2. The text-to-pictorial generation method of claim 1 wherein the generating the text-to-text pictorial corresponding to the target text by passing randomly sampled noise through a learned denoising process using a trained diffusion model according to the text encoding comprises:

mapping the text code to an image code using a trained diffusion model;

3. The text-to-illustration generation method of claim 2, wherein the mapping the text encoding to a representation space by an encoder of the pre-trained neural network model comprises:

calculating cosine similarity of each coded text-image pair;

4. The text insert generation method according to claim 2, further comprising:

5. The text-to-pictorial generation method of claim 1 wherein the obtaining the entered alert word, according to the entered text and the alert word, performs semantic extraction on the entered text through a trained large language model, the obtaining a target text comprising:

and predicting the next word circularly until a target text meeting the conditions in the prompt word is generated.
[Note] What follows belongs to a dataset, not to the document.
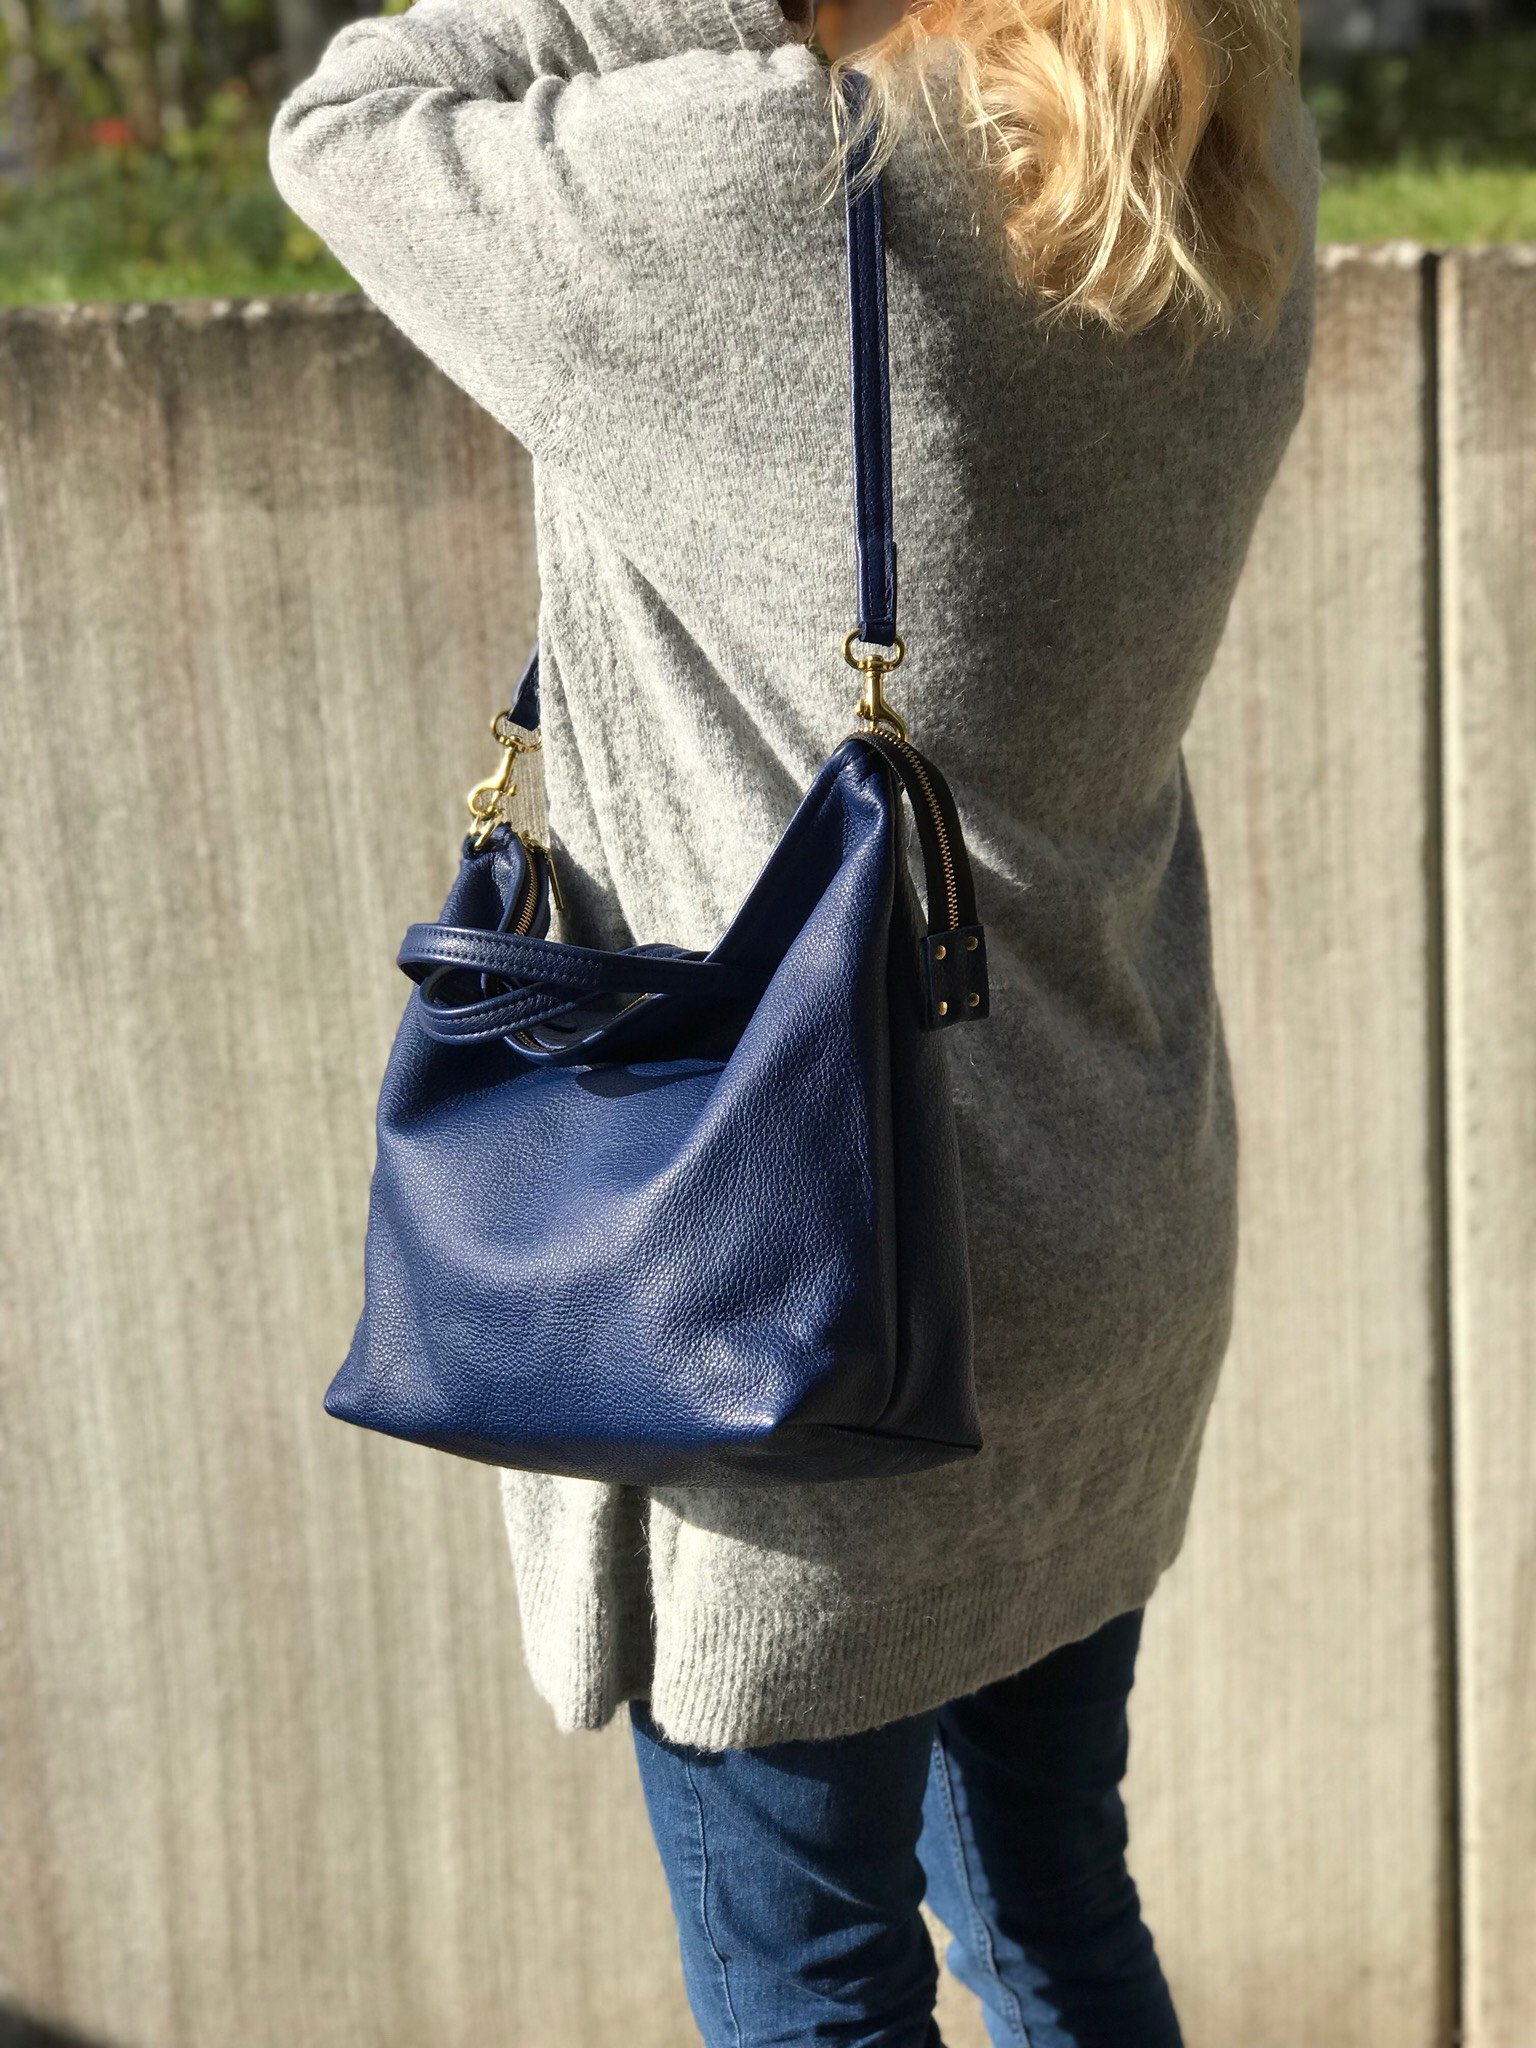 New Tote Bag w/ Zipper - Blue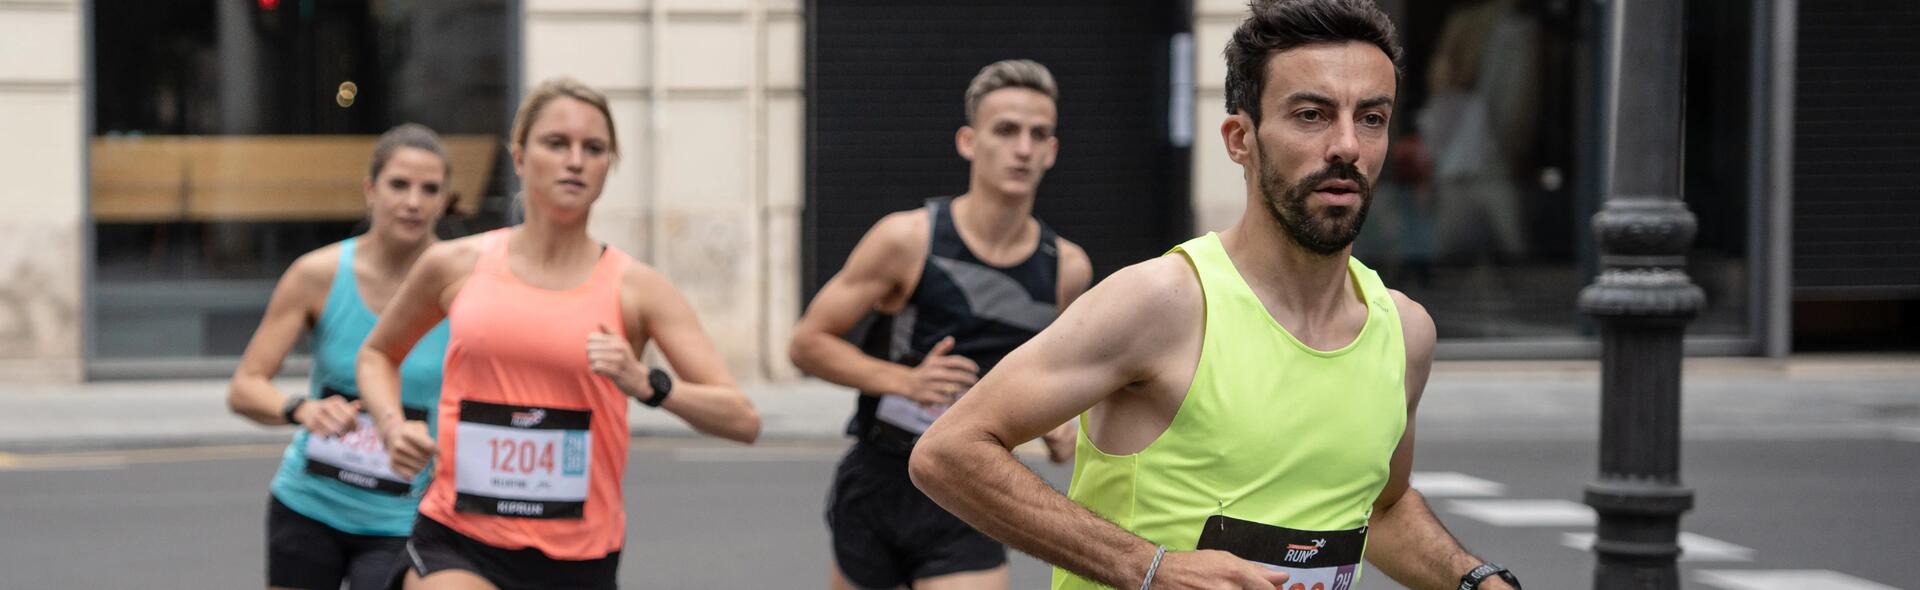 ludzie ubrani w stroje do biegania biegną w maratonie

6. The text-to-pictorial method of claim 5 wherein the obtaining the entered alert word, predicting a first word from the entered text and the alert word via a trained large language model, and adding the first word to a pre-set generated text includes:

7. The text-to-pictorial-generation method of claim 1, wherein the receiving a text-to-pictorial-generation request, based on the text-to-pictorial-generation request, further comprises, prior to obtaining the input text:

pushing a text input menu;

and analyzing the text document to obtain an input text.

8. A text-to-pictorial generation apparatus, comprising:

the input text acquisition module is used for receiving a text illustration generation request and acquiring an input text according to the text illustration generation request;

the target text acquisition module is used for acquiring an input prompt word, carrying out semantic extraction on the input text through a trained large language model according to the input text and the prompt word to obtain a target text, wherein the prompt word is a condition met by generating the target text;

the text code acquisition module is used for coding the target text through an encoder of the pre-training neural network model to obtain a text code;

and the text illustration generating module is used for generating the text illustration corresponding to the target text by transmitting randomly sampled noise through a learned denoising process by using a trained diffusion model according to the text coding.

9. A text-to-pictorial generation device, the text-to-pictorial generation device comprising: a memory and at least one processor, the memory having instructions stored therein, the memory and the at least one processor being interconnected by a line;

the at least one processor invokes the instructions in the memory to cause the text-to-illustration generating device to perform the text-to-illustration generating method of any of claims 1-7.

10. A computer readable storage medium having a computer program stored thereon, which when executed by a processor implements the text-map generation method according to any of claims 1-7.